Early in January, 1969, Pittman negotiated for the purchase of a used car in Santa Barbara, California. He agreed to furnish insurance, and executed a credit application and a security agreement. The latter required a down payment of $444 on a total purchase price of $2,144.95. Pittman paid $150 toward the down payment and agreed to return by the next morning with the balance. On that condition he was allowed to take the car. He failed to return but kept the car and, on March 16, 1969, was arrested in Las Vegas, Nevada, with the vehicle in his possession.
The dealer, hearing no more from Pittman, found that the address given by the buyer was fictitious as was the name of the insurance agency supplied by Pittman. Efforts to locate appellant through his wife were fruitless.
Sufficient evidence was presented to the jury to support the conviction. The National Motor Vehicle Theft Act is not to be interpreted so narrowly as to limit its application to situations which at common law would be considered larceny. It includes all takings with a criminal intent to deprive the owner of the rights and benefits of ownership. United States v. Turley,352 U.S. 407, 77 S.Ct. 397, 1 L.Ed.2d 430 (1957).
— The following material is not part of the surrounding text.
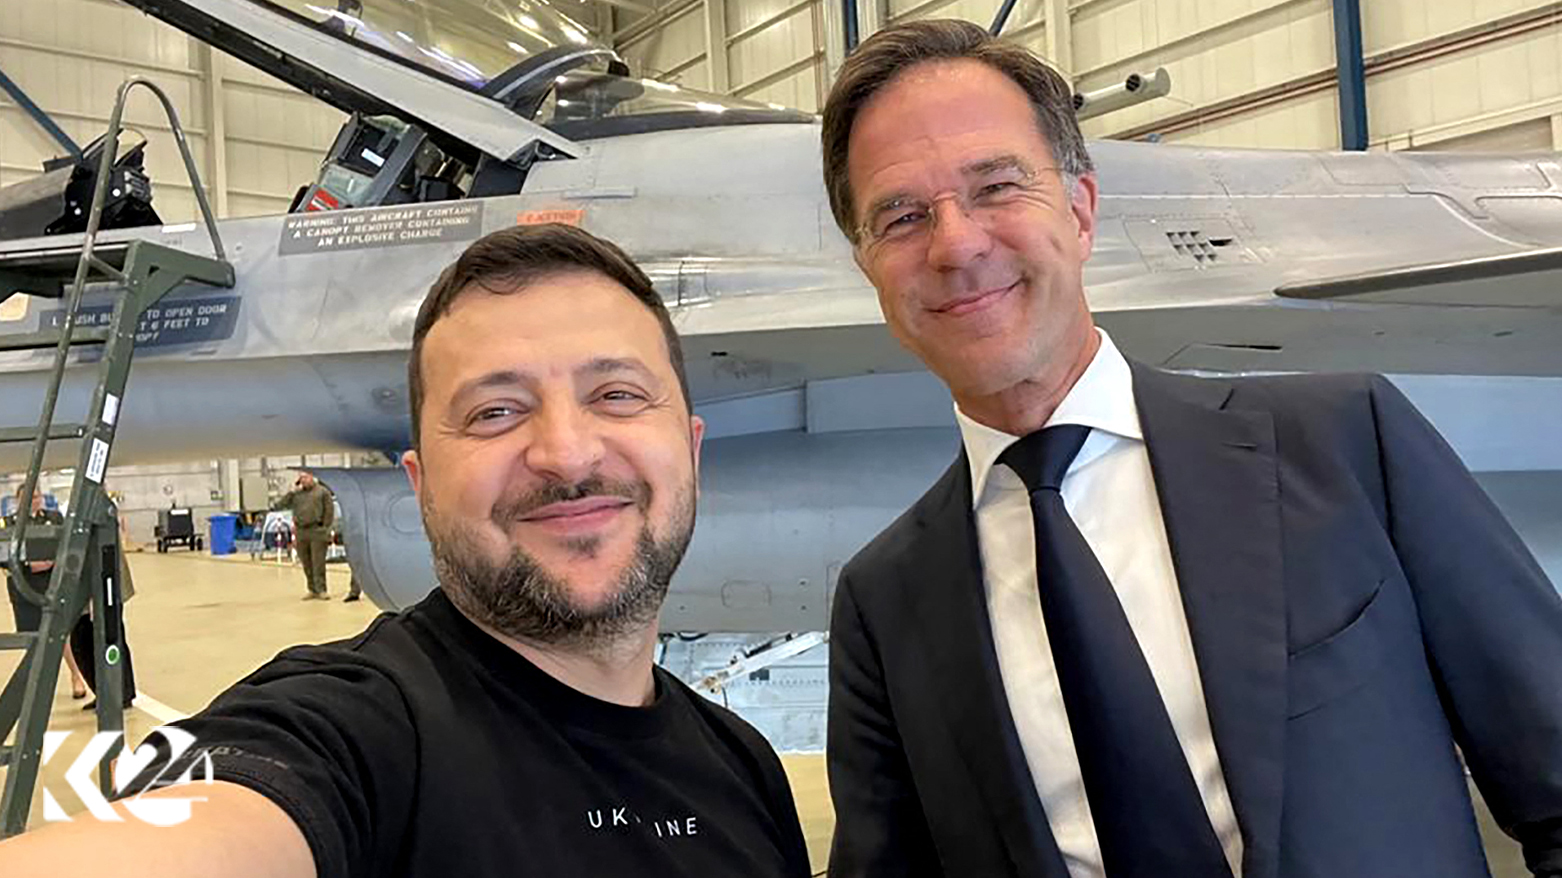 In this photograph released by the Ukrainian Presidential Press Service on Sunday, President Volodymyr Zelensky takes a selfie with Dutch Prime Minister Mark Rutte at Eindhoven Air Base in the Netherlands. (Photo: AFP/Getty Images)

In Turley, the defendant had lawfully obtained a vehicle in South Carolina with permission of the owner and for the expressed purpose of delivering some passengers to their home in that state. Instead, he took the car to Maryland and sold it the next day. His conviction was affirmed. Other convictions under the Act have been upheld where the automobile was rented, Jarvis v. United States, 312 F.2d 563 (9th Cir. 1963); released for demonstration, Dixon v. United States, 295 F.2d 396 (8th Cir. 1961); or was borrowed, Compton v. United States, 305 F.2d 119 (9th Cir. 1962). In each case the jury found the requisite intent to deprive the owner of his right of ownership, despite an initially lawful possession.
Appellant acknowledges that the district judge may comment on the evidence but asserts that there was here an improper invasion of the jury's province. The language complained of was the trial court's comment:
'It doesn't seem to me you should have any difficulty concluding that the motor vehicle was a stolen motor vehicle, because it appears that there is substantial evidence before you that the vehicle was taken and that the owner was deprived of his rights and benefits.'
Taken alone, the language might seem prejudicial and tantamount to a directed verdict. But, the trial judge went on to instruct the jury that the 'key question' for it was the matter of intent. This was essentially paraphrase of Pittman's counsel in his opening statement to the jury. Further, the court adequately summarized the function of the jury, allowing it to consider or reject the court's comments on the evidence.
Considered in their entirety, the instructions correctly declared the law. The comment complained of, while unfortunate, could not have prejudiced or misled the jury. It appears to us that the trial judge was using the word 'stolen' as synonymous with 'missing' or 'taken.'
Appellant's other assignments of error have been considered and found to be without merit.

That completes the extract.